What is the medical terms platelet concentration which is too high? What concentration is considered too high? What causes this?
The normal platelet count in adults ranges from 150,000 to 450,000/microL
- Low platelet count: Thrombocytopenia is defined as a platelet count less than 150,000/microL (150 x 109/L). This generally indicates excessive platelet destruction or inadequate platelet production. Signs include bleeding along the digestive tract, within the skin and occasionally inside the CNS.
- High platelet count: Thrombocytosis, platelet counts can exceed 500,000/uL. Results from accelerated platelet formation in response to infection, inflammation or cancer.
What are the functions of platelets? (3)
- The release of chemicals important to the clotting process. By releasing enzymens and other important factors at the appropriate times, platelets help initiate and control the clotting process.
- The formation of a temporary patch in the walls of damaged blood vessels. Platelets clump together at an injury site, forming a platelet plug which can slow the rate of blood loss while clotting occurs.
- Active contraction after clot formation has occurred. Platelets contain filaments of actin and myosin. After a blood clot has formed, the contraction of platelet filaments shrinks the clot and reduces the size of the break in the vessel wall.
What is the name for platelet production, and where does it occur? What type of cells produce platelets, and how do they do this? How many platelets can one cell produce?

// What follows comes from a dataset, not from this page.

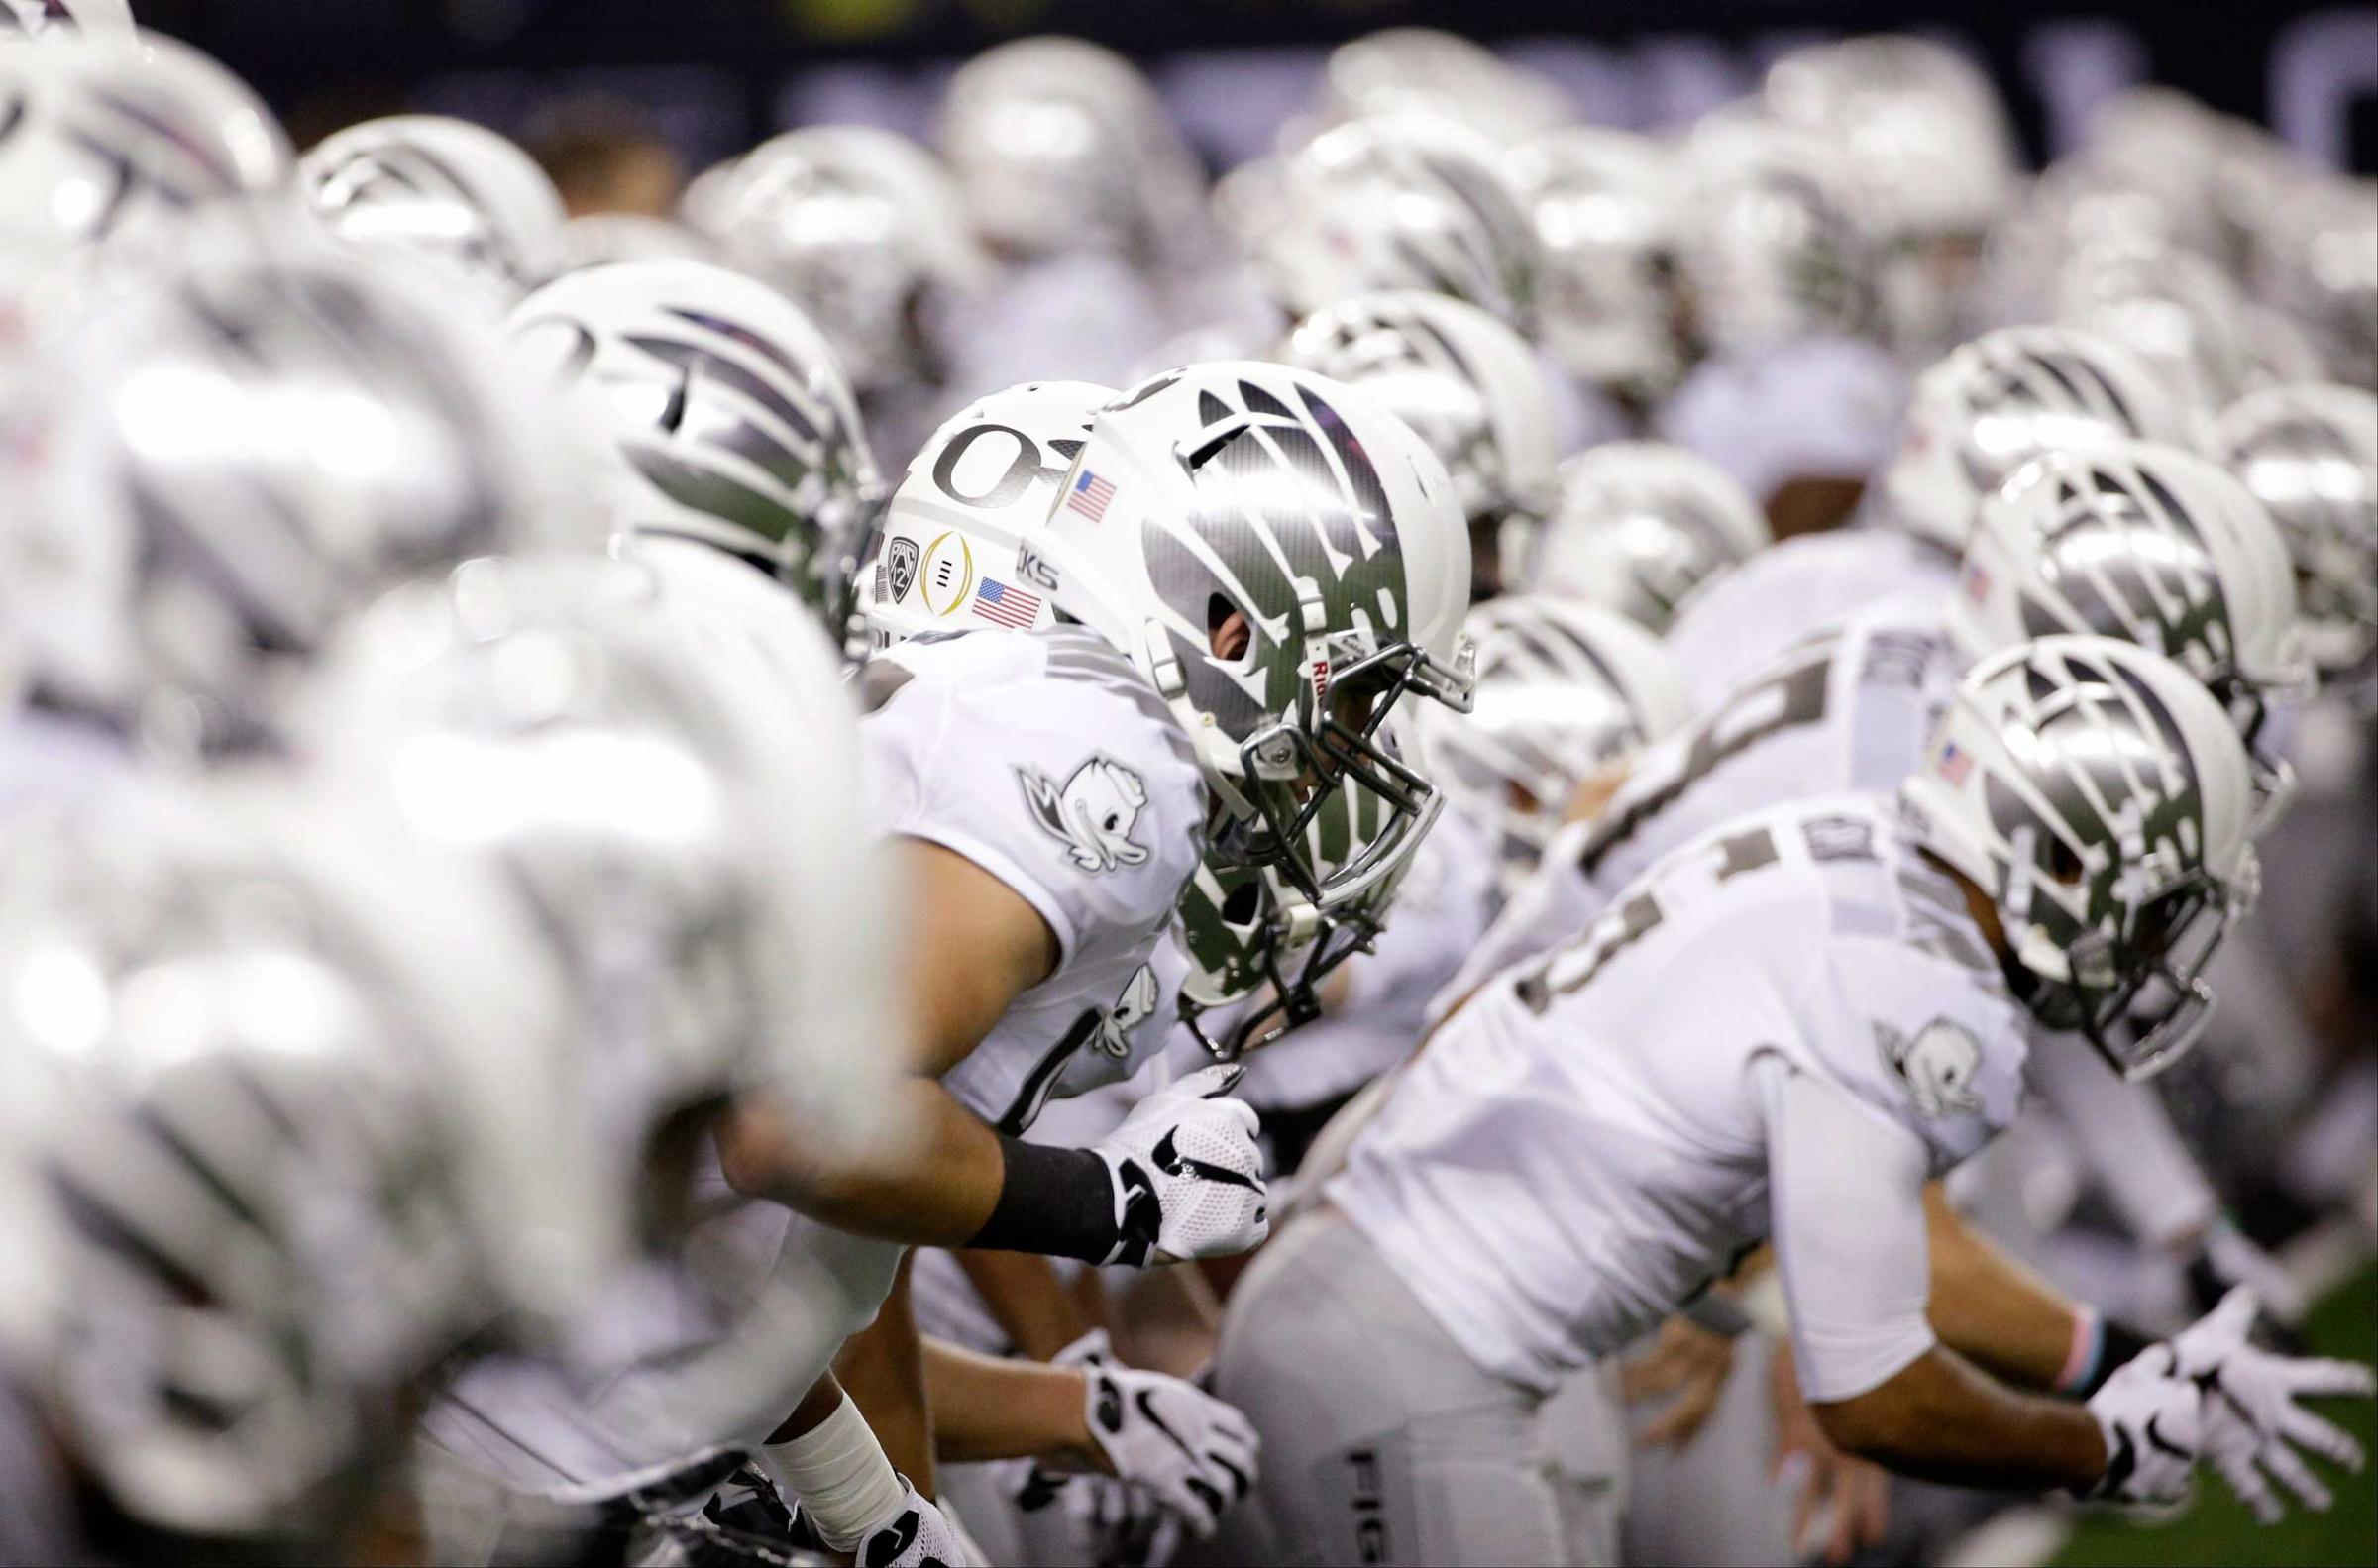 Oregon players warm up before the NCAA college football playoff championship game against Ohio State on Jan. 12, 2015, in Arlington, Texas.

Platelet production or thrombocytopoeisis, occurs in the bone marrow. Normal bone marrow contains a number of megakaryocytes, enormous cells (up to 160um in diameter) with large nuclei. During their development and growth, megakaryocytes manufacture structural proteins, enzymes and membranes. They then begin shedding cytoplasm in small membrane enclosed packets. A mature megakaryocyte gradually loses all its cytoplasm, producing about 4000 platelets before the nucleus in engulfed by phagocytes and broken down for recycling
What is the rate of megakaryocyte activity and platelet formation stimulated by? (3)

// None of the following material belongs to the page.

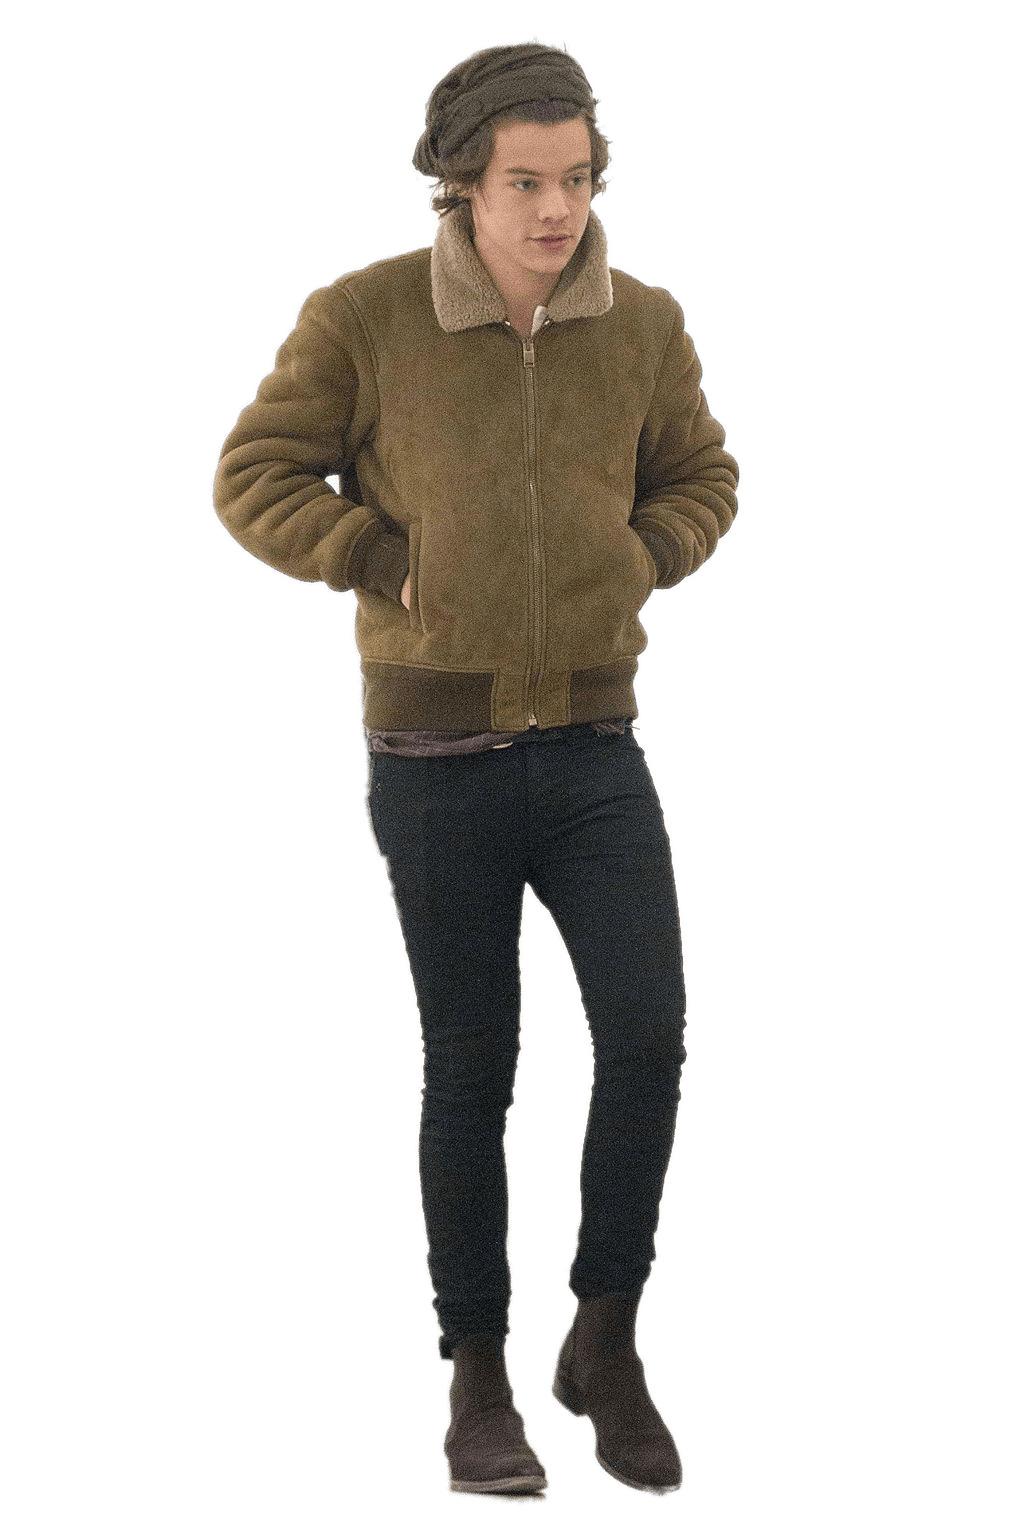 Harry Styles Full Size png transparent

- Thrombopoietin (TPO) or thrombocyte stimulating factor, a peptide hormone produced in the kidneys (and perhaps other sites) that accelerates platelet formation and stimulates the production of megakaryocytes
- Interleukin 6 (IL6) a hormone that stimulates platelet formation
- Multi- CSF, which stimulates platelet production by promoting the formation and growth of megakaryocytes.
What is haemostasis? What are the three stages of haemostasis?
The process of haemostasis, the cessation of bleeding, halts the loss of blood through the walls of damaged vessels. At the same time, it establishes a framework for tissue repair. Haemostasis consists of three phases, the vascular phase, the platelet phase and the coagulation phase.
However the boundaries of these phases are somewhat arbitrary. In reality, haemostasis is a complex cascade in which many things happen at once, and all of them interact to some degree.
If a blood vessel wall is damaged, the vascular phase of haemostasis begins. What happens to the blood vessel wall? Why does this happen? How long does this effect last?
Cutting the wall of a blood vessel triggers a contraction in the smooth muscle fibres of the vessel wall. This local contraction of the vessels is a vascular spasm, which decreases the diameter of the vessel at the site of injury. Such a constriction can slow or even stop the loss of blood through the walls of a small vessel. The vascular spasm lasts about 30 minutes, a period called the vascular phase of haemostasis.